| Dataset extract |

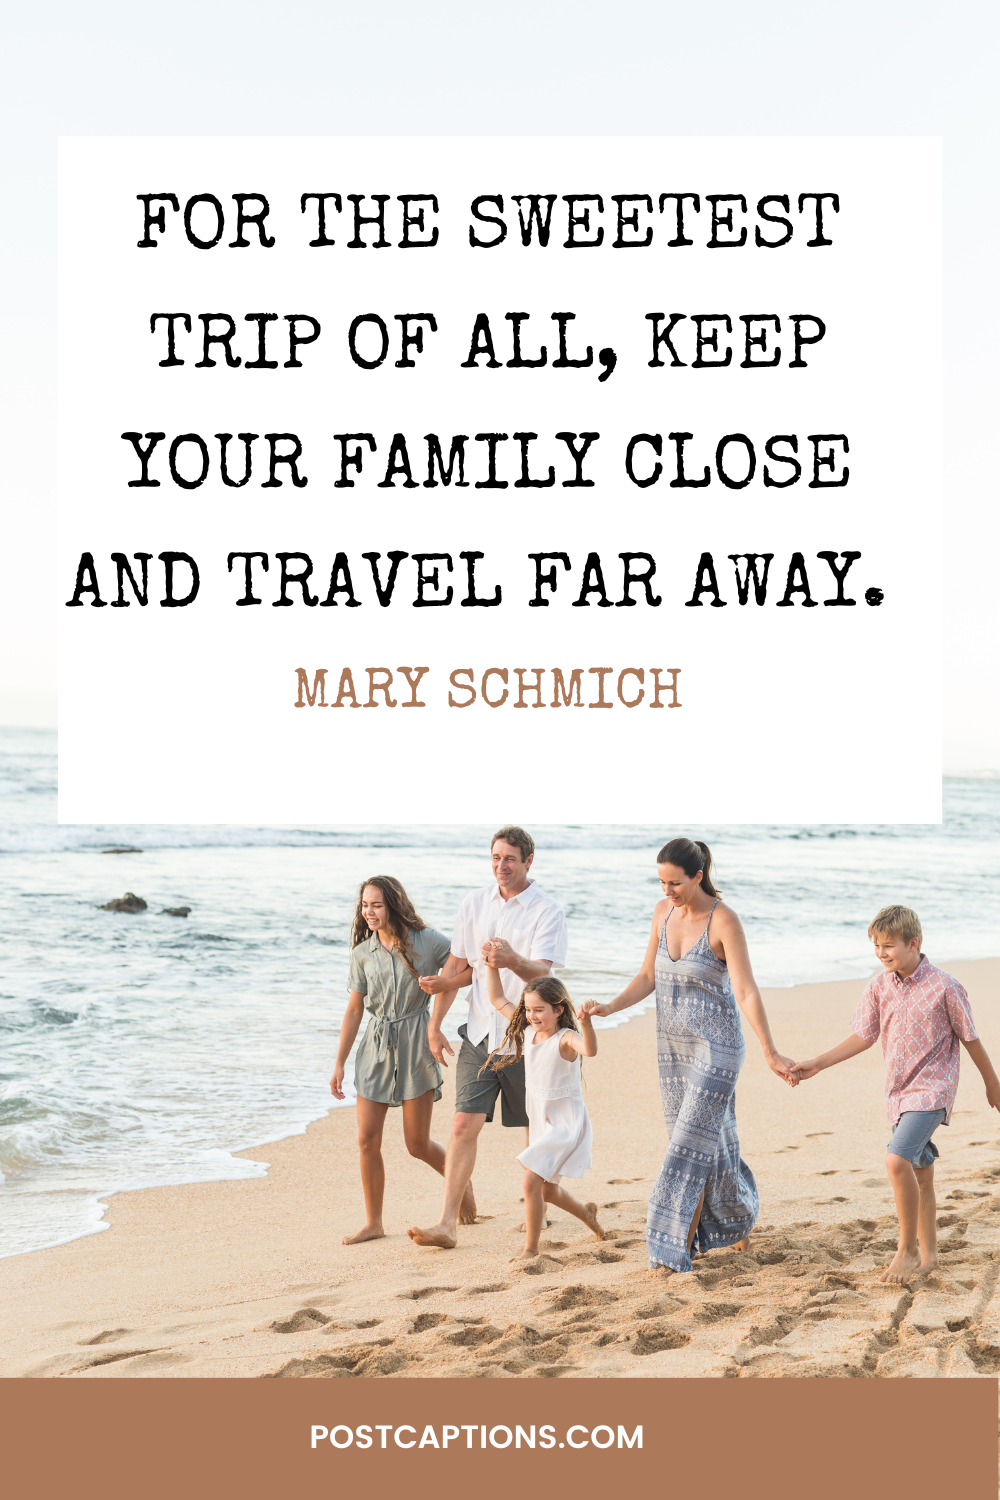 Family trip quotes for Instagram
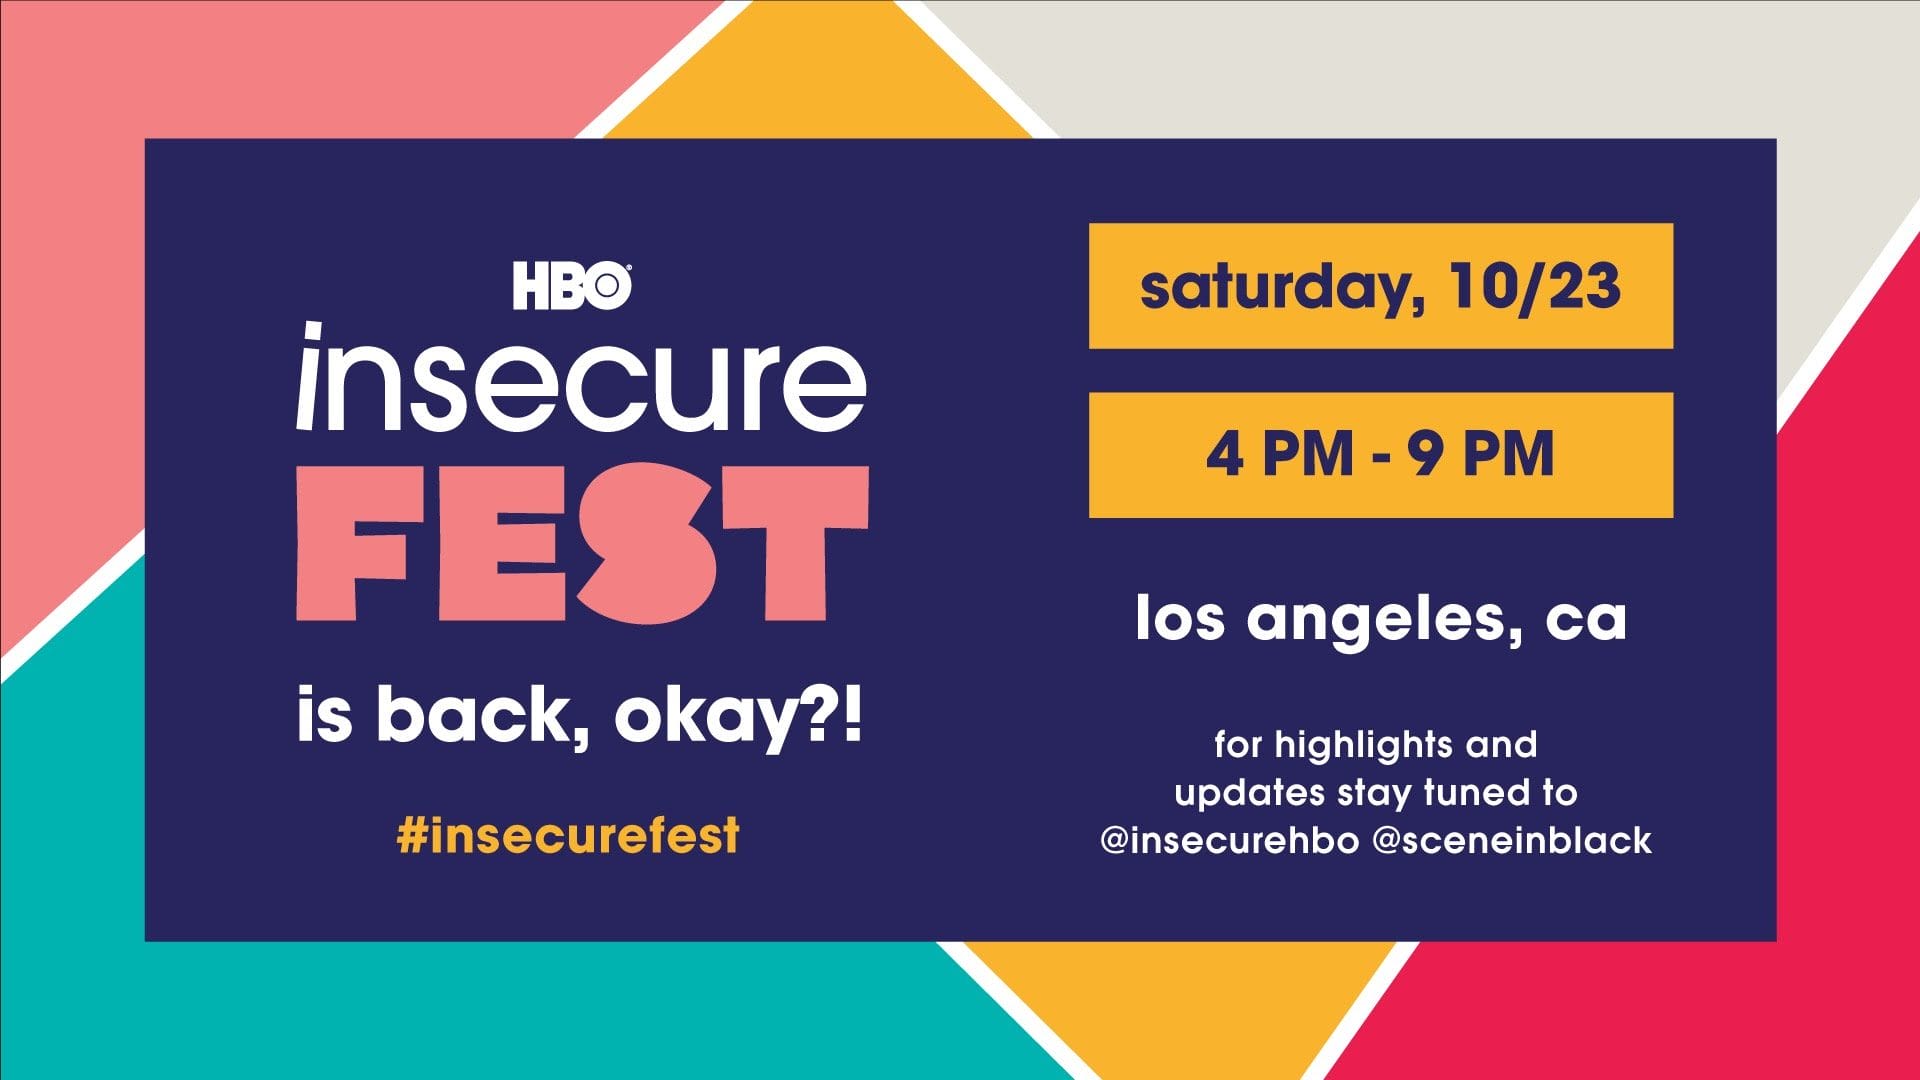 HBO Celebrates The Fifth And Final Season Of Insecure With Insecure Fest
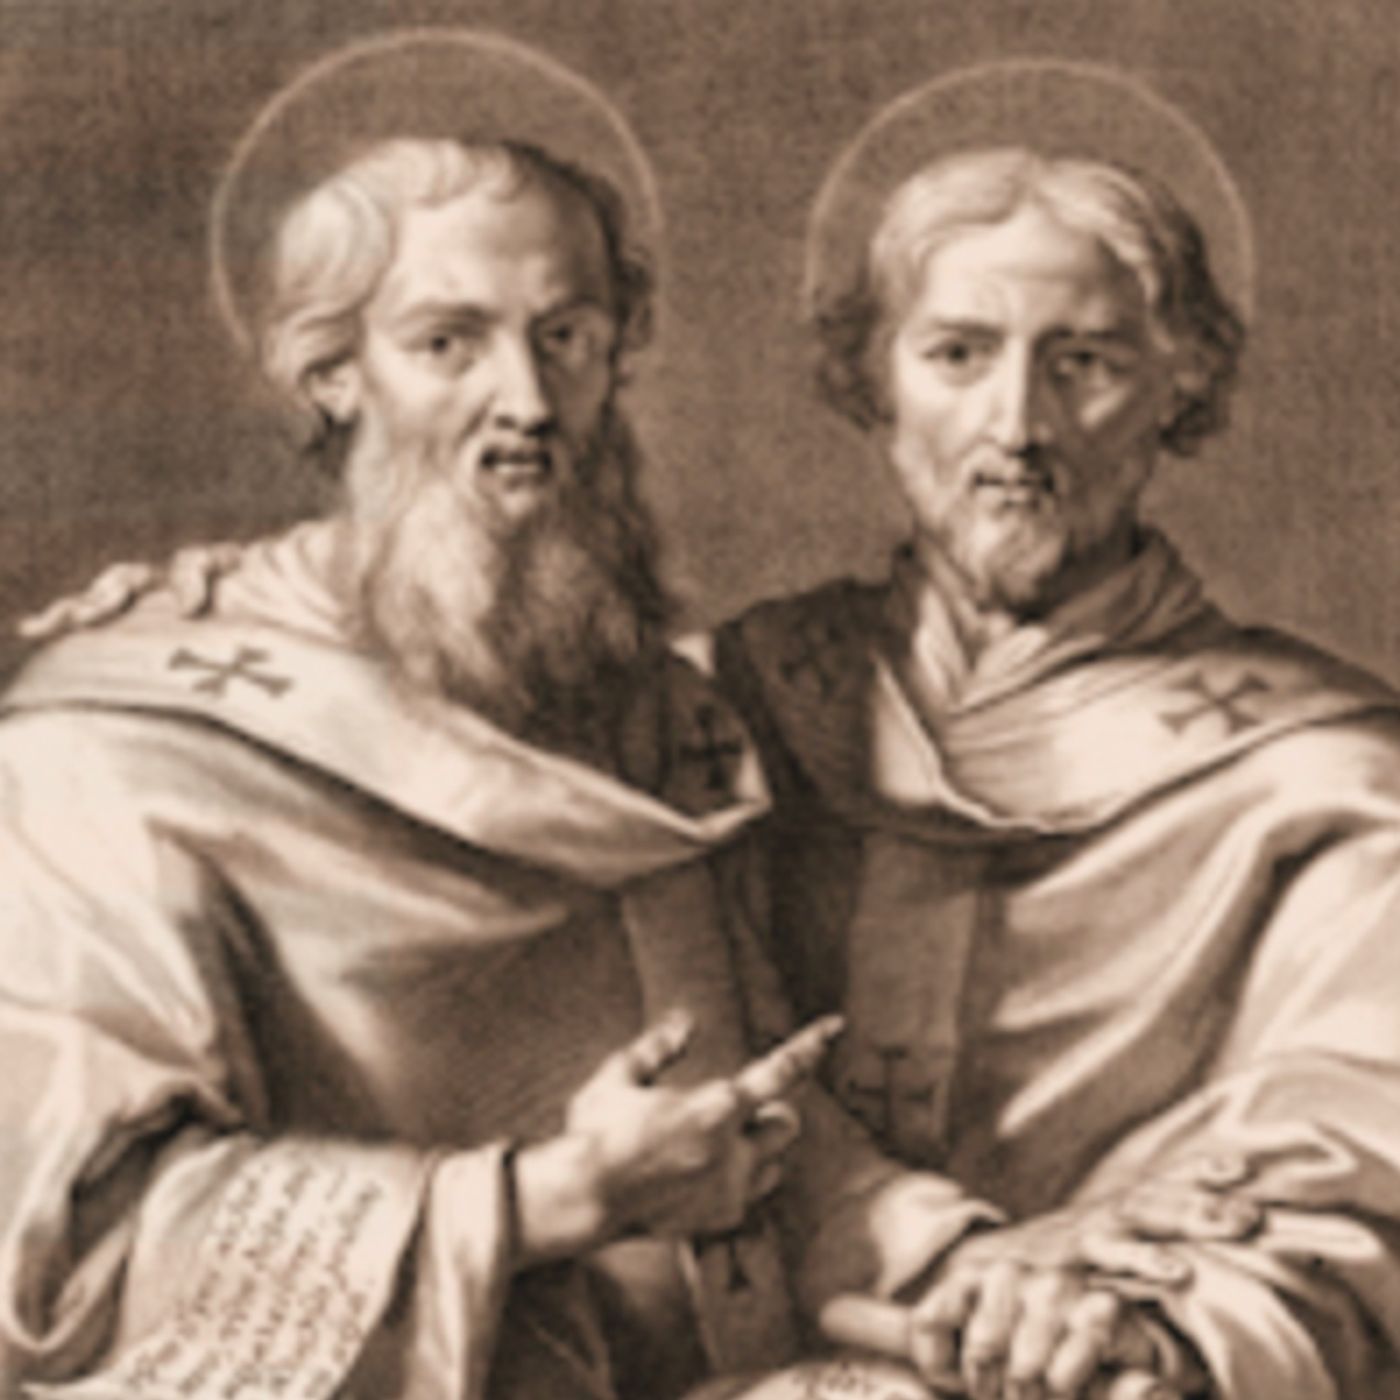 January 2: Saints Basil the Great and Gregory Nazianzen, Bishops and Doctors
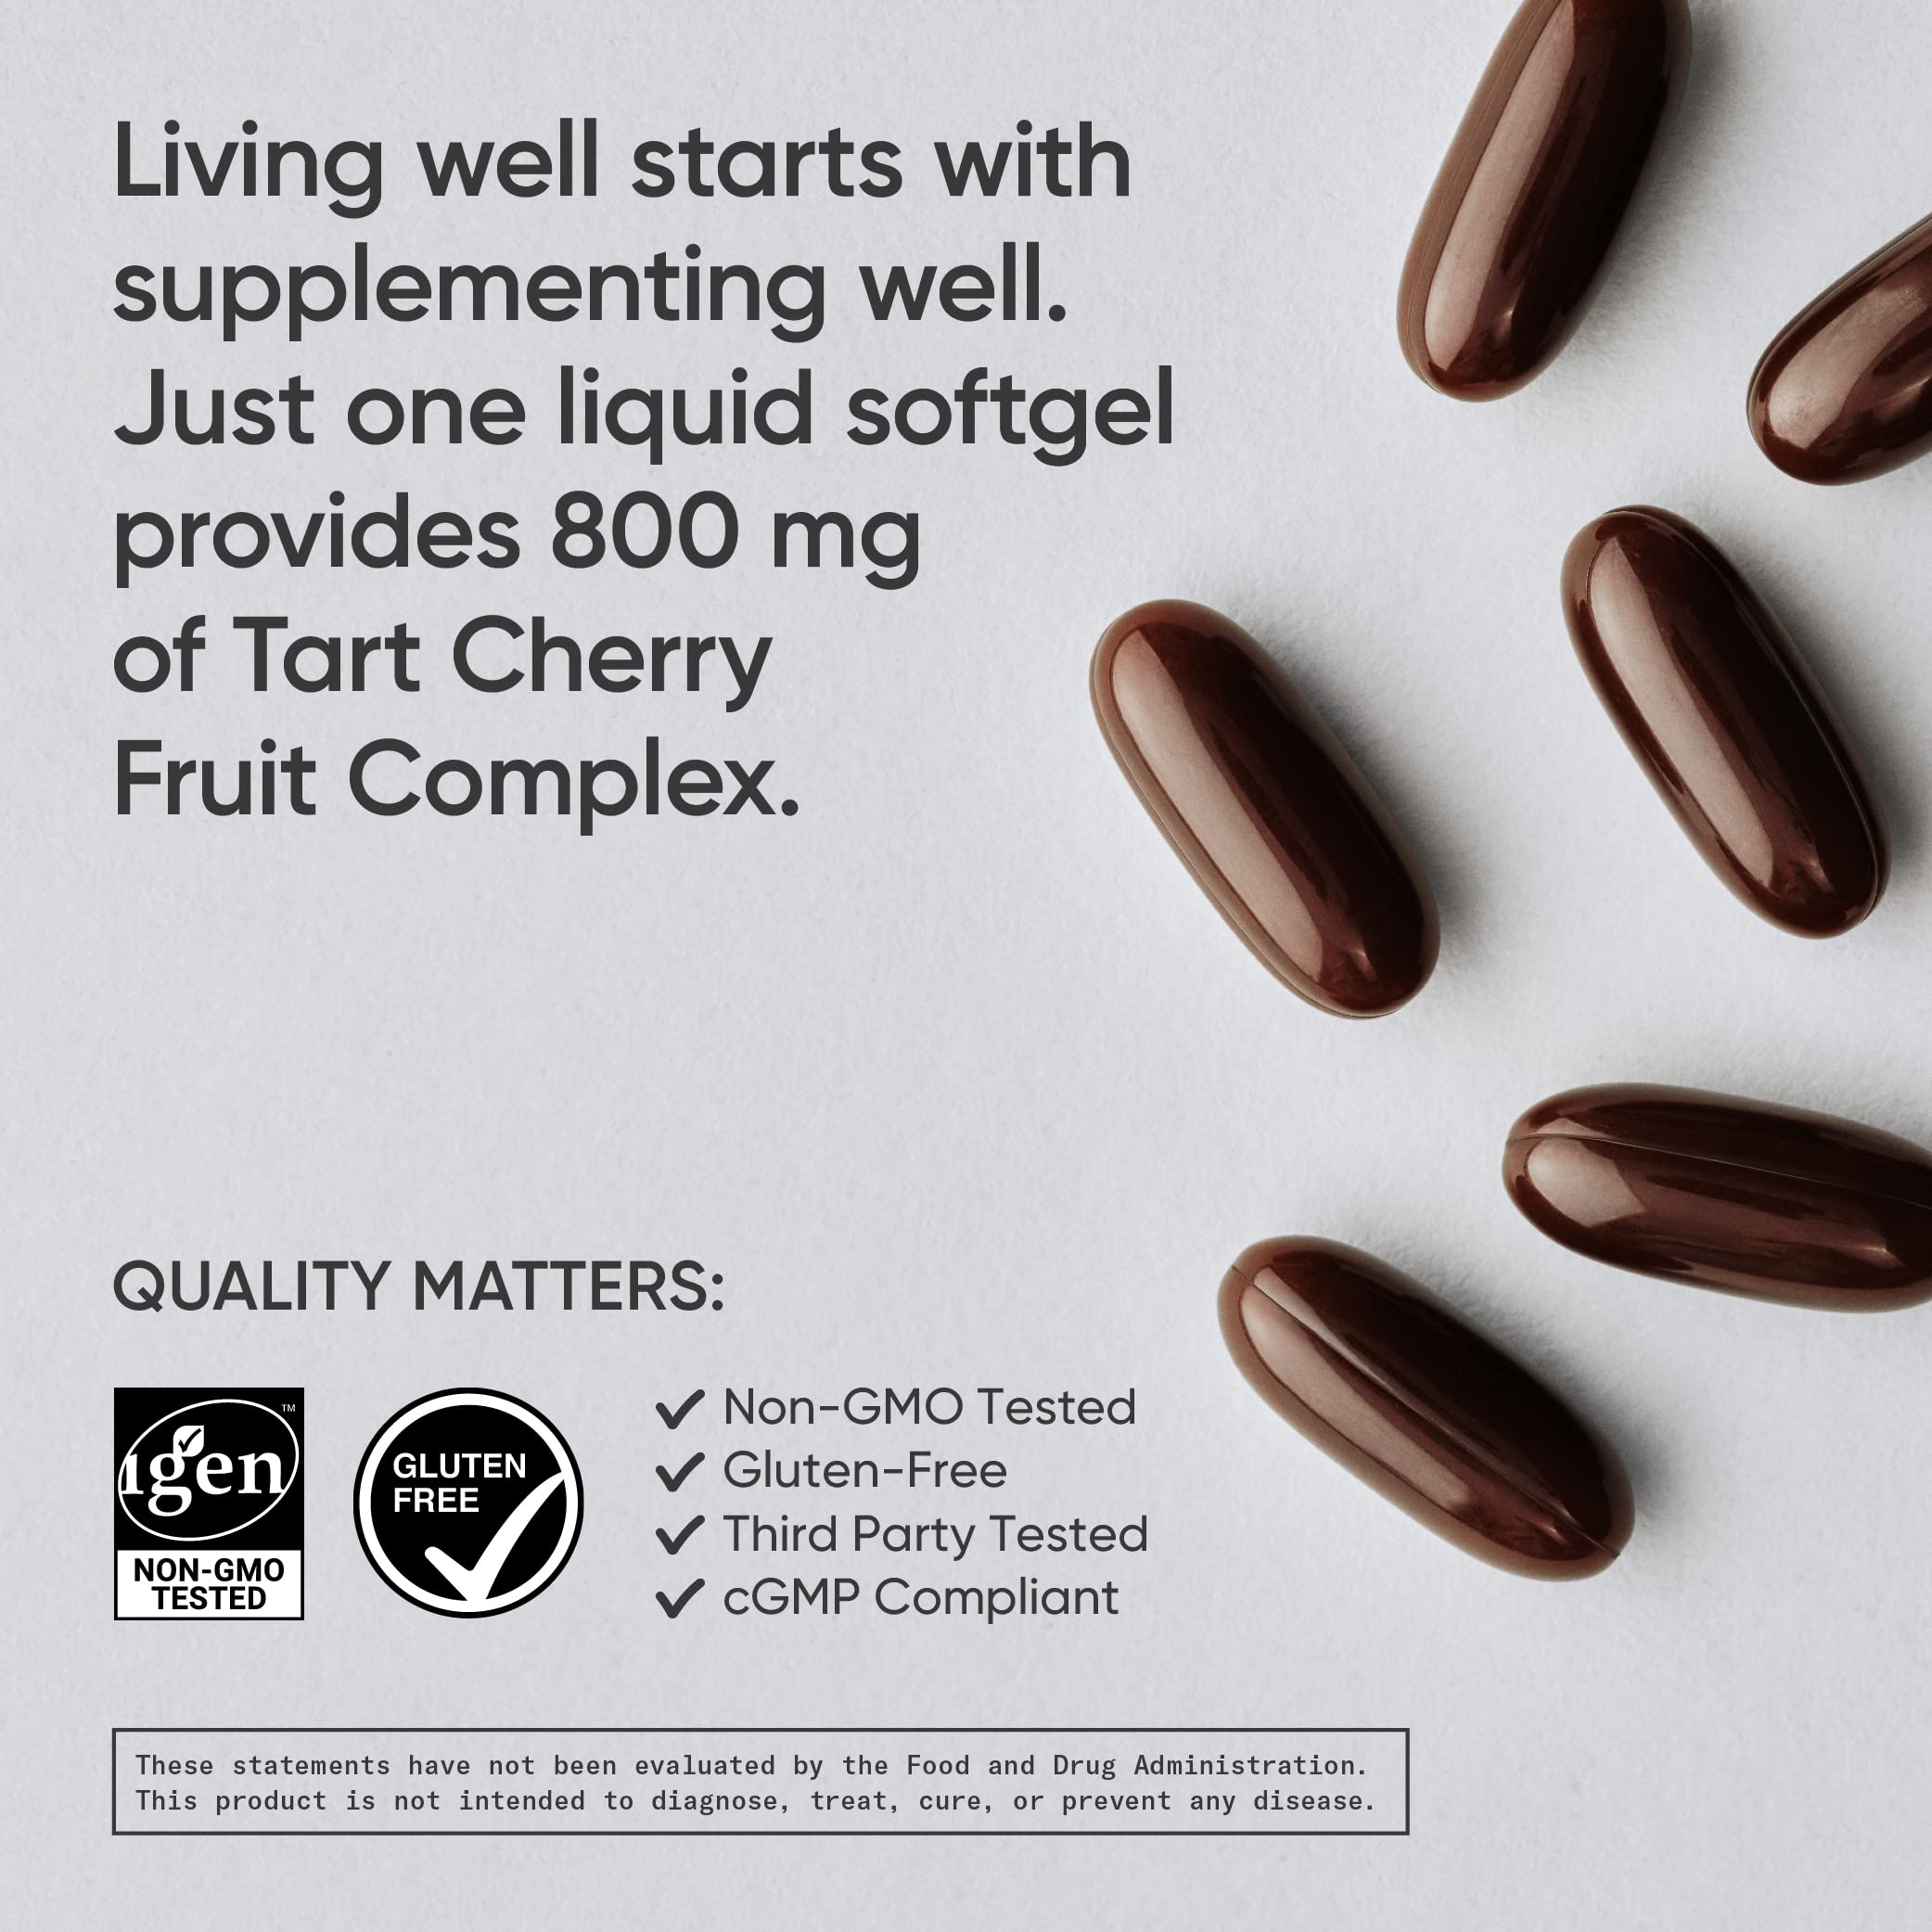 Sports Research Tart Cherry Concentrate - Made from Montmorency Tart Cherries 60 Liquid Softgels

| Aim of the exercise |
Output a faithful copy of the data, with each picture left out.

| Exercise result |
 Family trip quotes for Instagram
 HBO Celebrates The Fifth And Final Season Of Insecure With Insecure Fest
 January 2: Saints Basil the Great and Gregory Nazianzen, Bishops and Doctors
 Sports Research Tart Cherry Concentrate - Made from Montmorency Tart Cherries 60 Liquid Softgels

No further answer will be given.